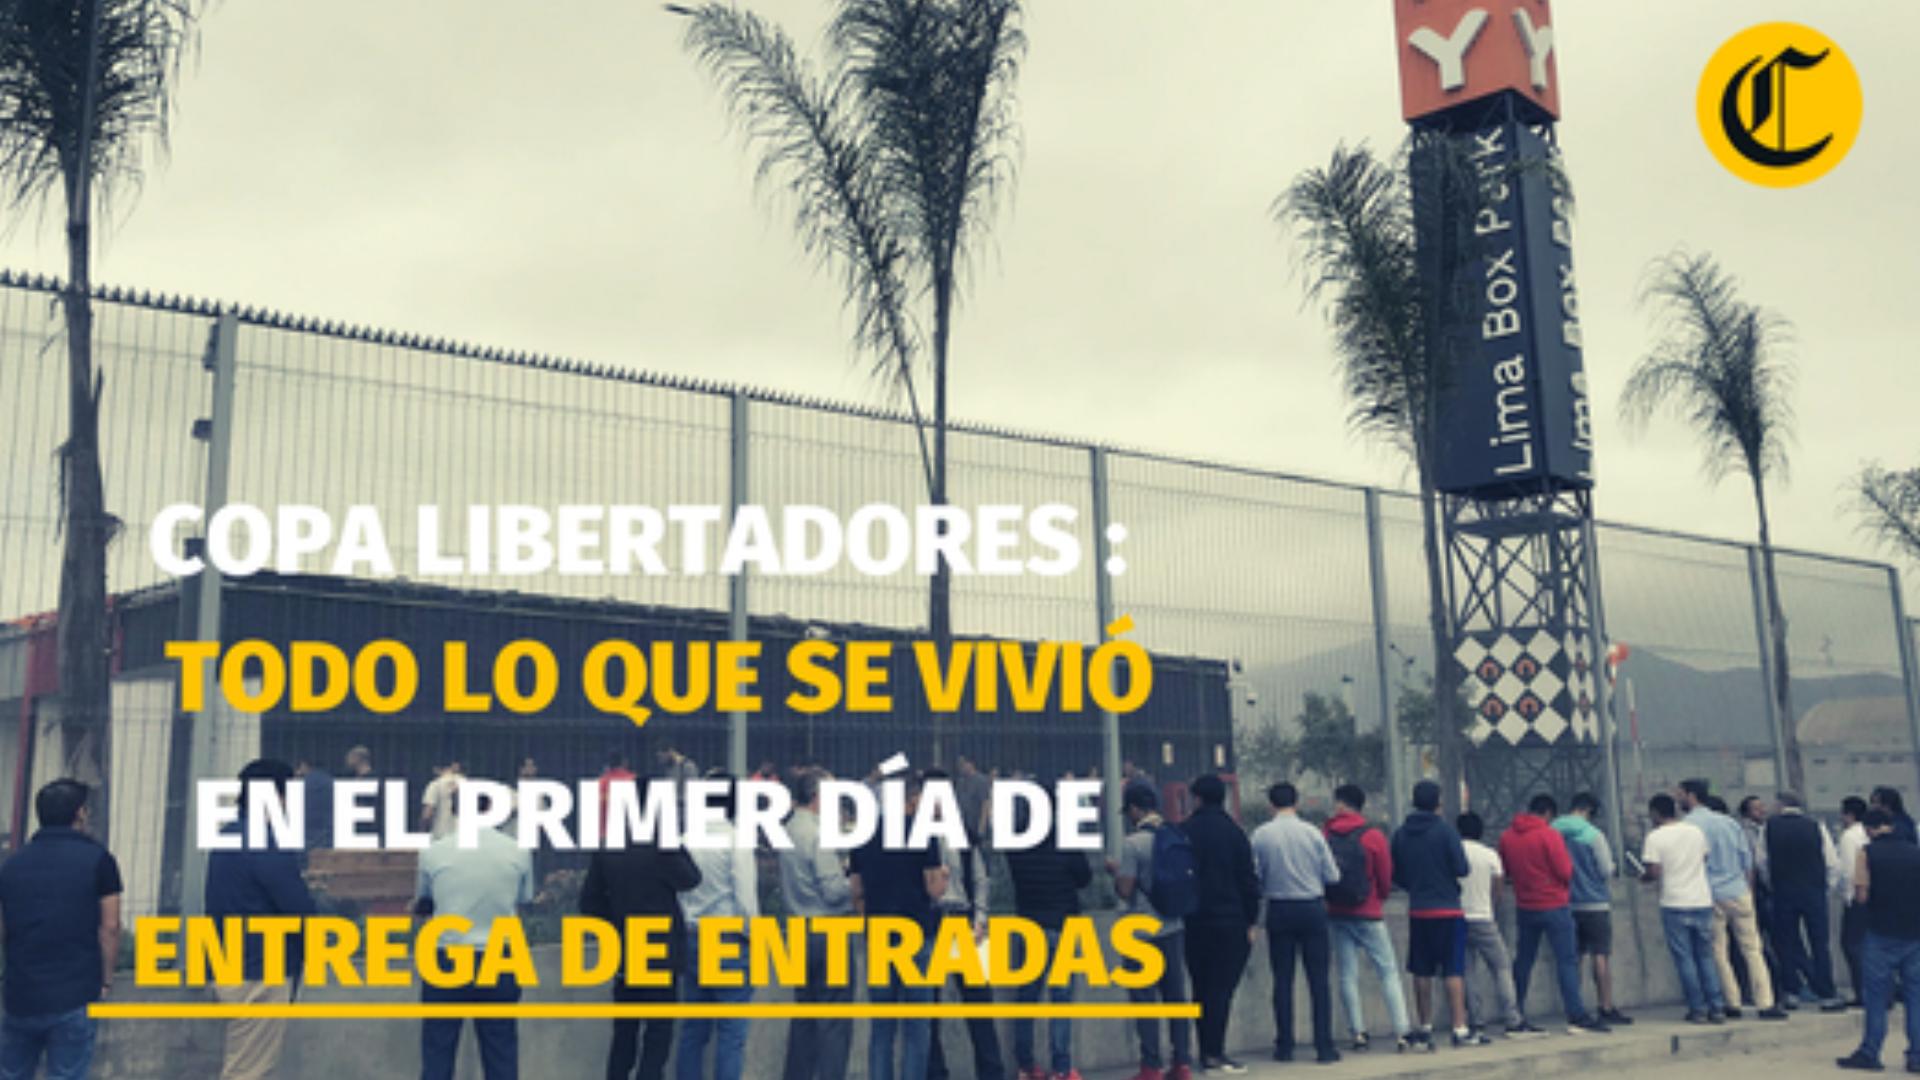 Copa Libertadores 2019: reclamos, desconcierto y todo lo que se vivió en el primer día de entrega de entradas para Flamengo vs. River Plate
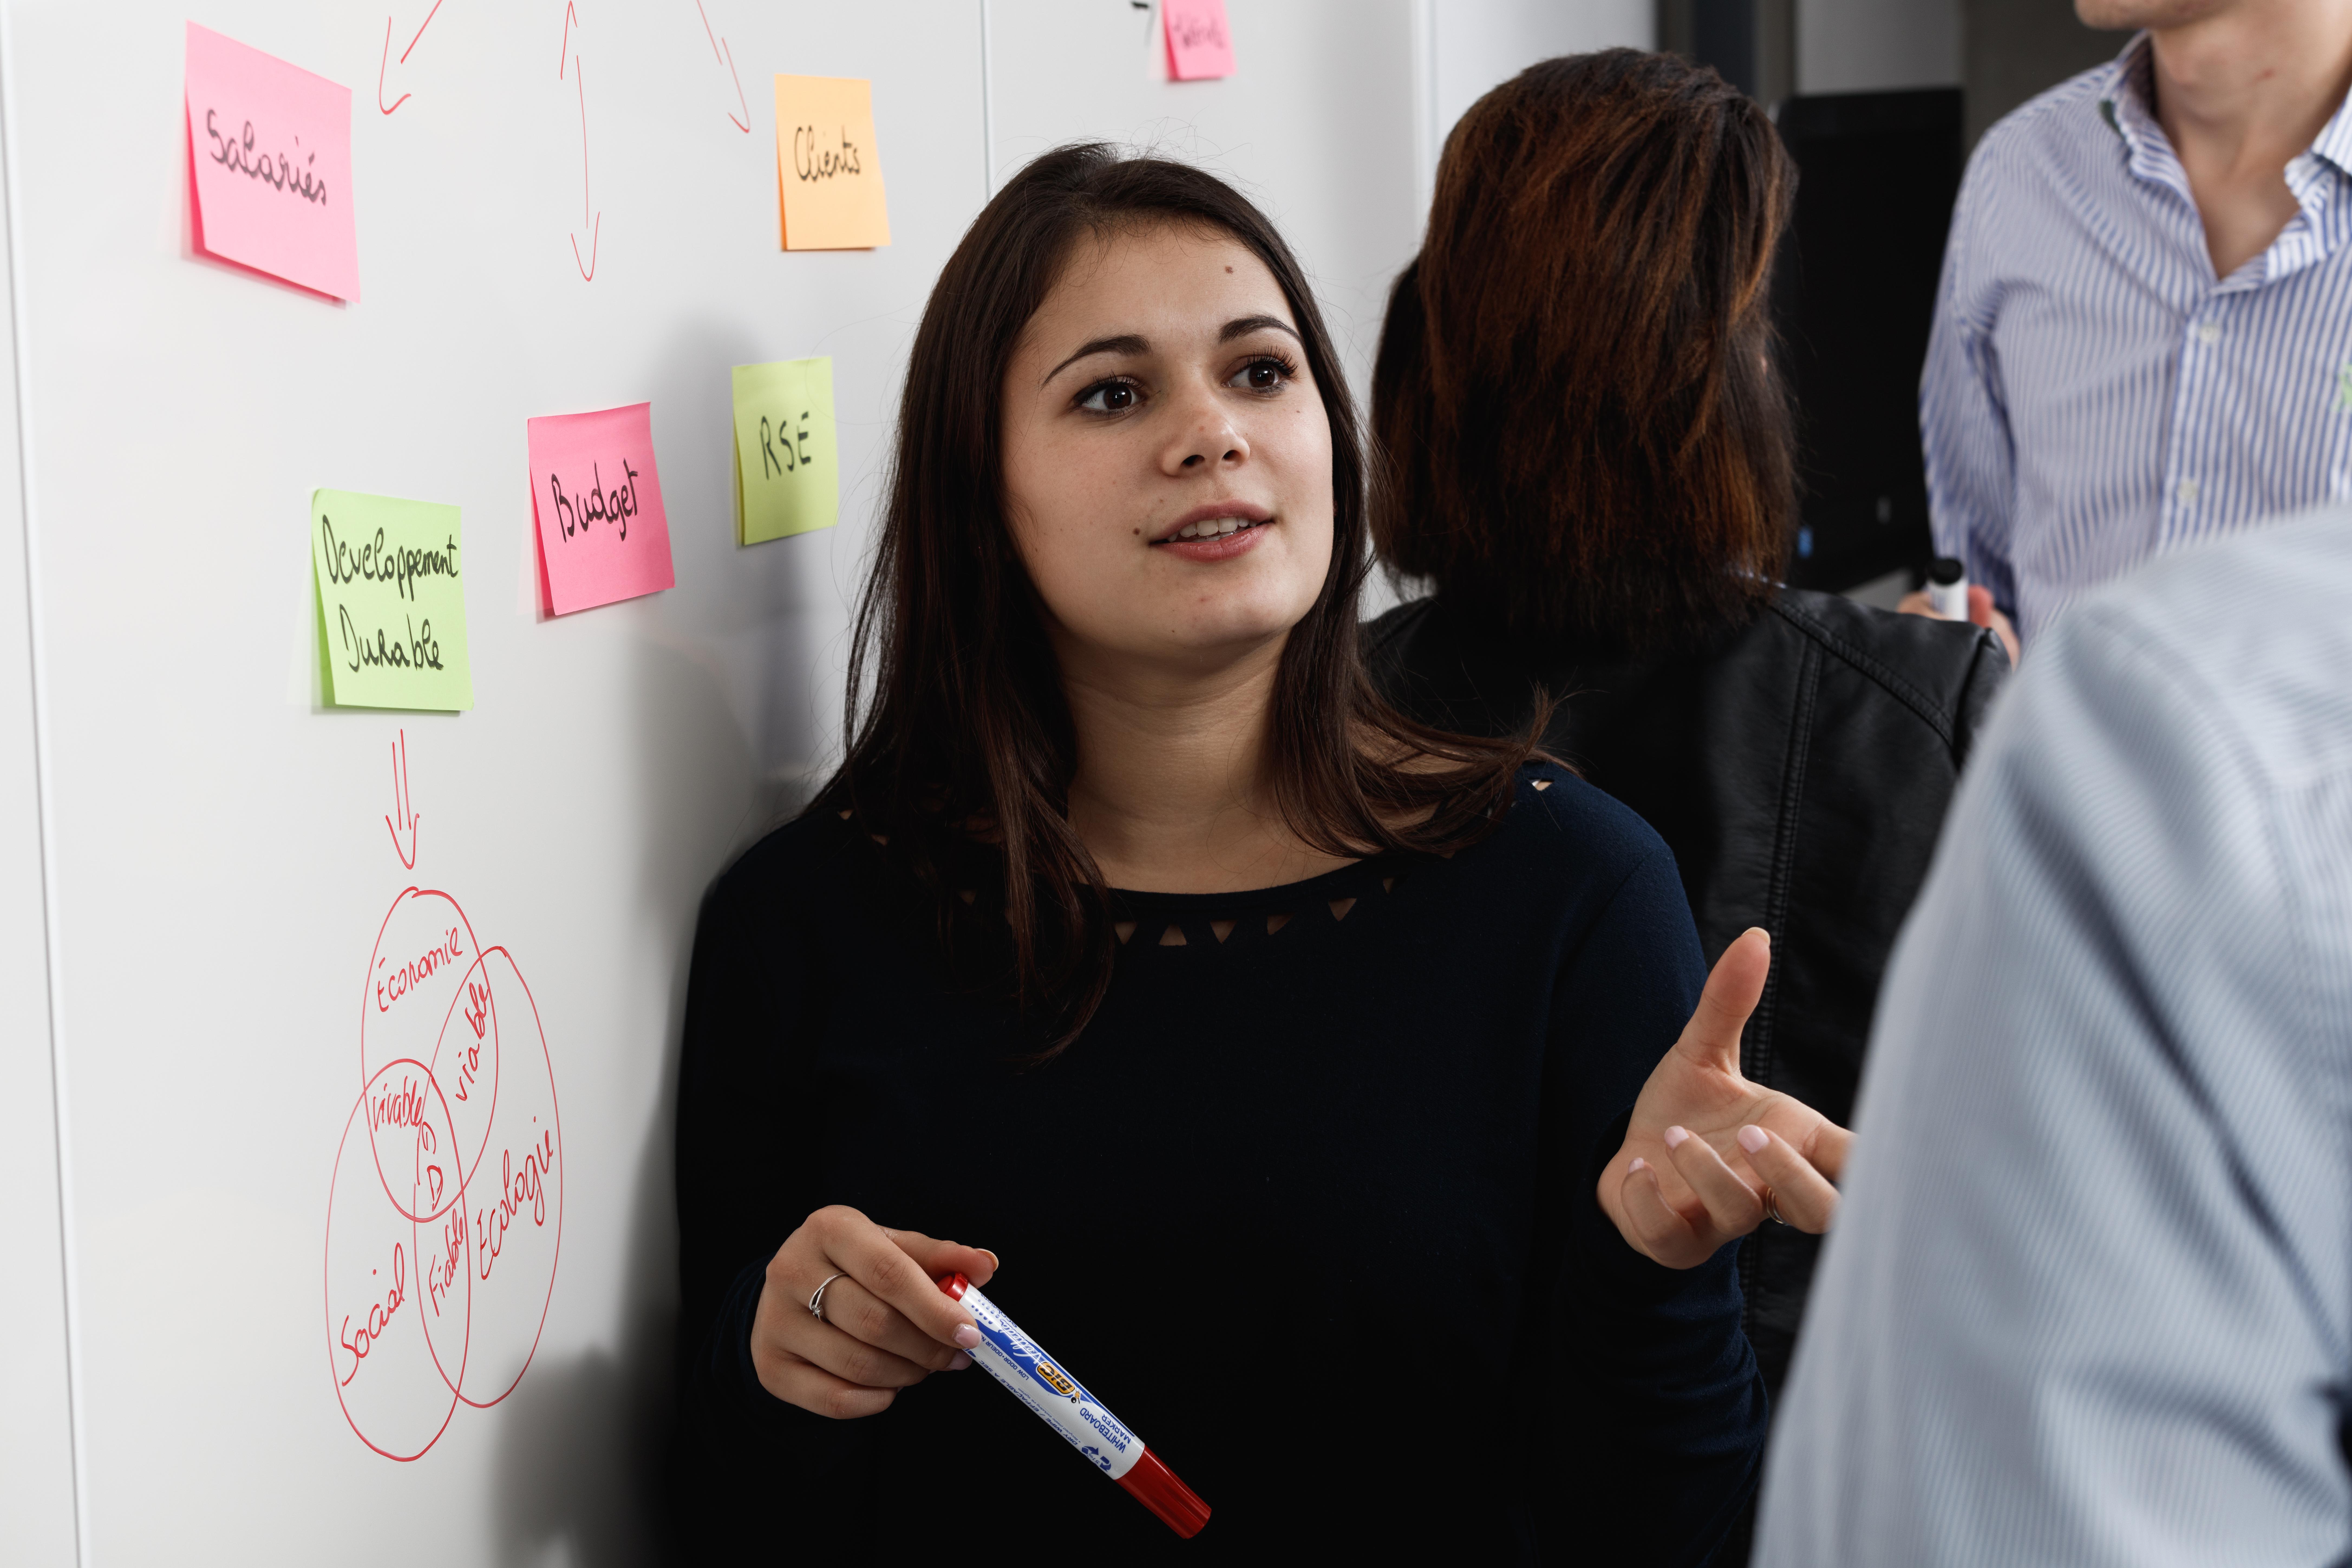 Formation des cadres : comment l'innovation pédagogique influence le management des entreprises
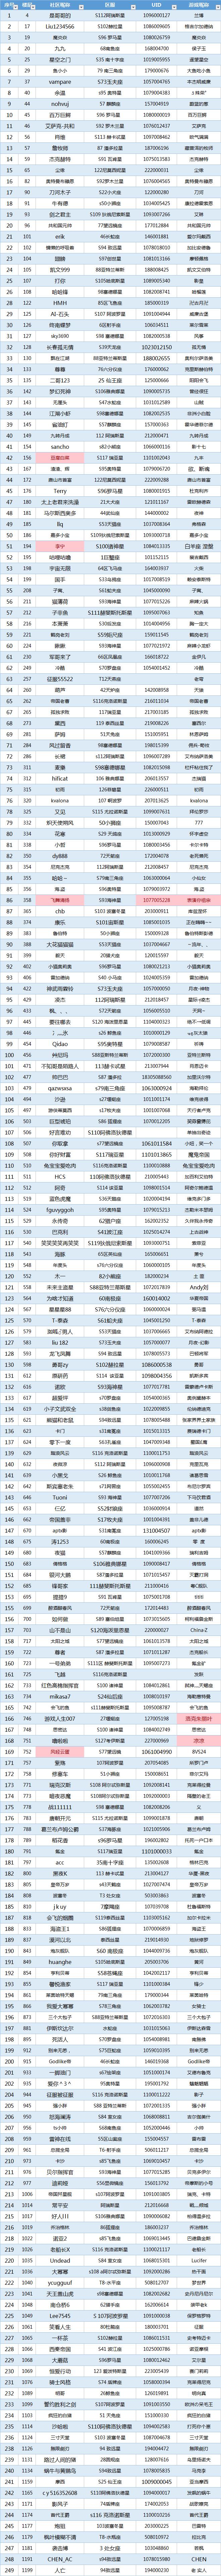 战舰双十二奖励名单1.png

**********

• [Your task] First drop every picture, then print the data above exactly as it stands.

• [Written answer]
 Copa Libertadores 2019: reclamos, desconcierto y todo lo que se vivió en el primer día de entrega de entradas para Flamengo vs. River Plate
 Formation des cadres : comment l'innovation pédagogique influence le management des entreprises
 战舰双十二奖励名单1.png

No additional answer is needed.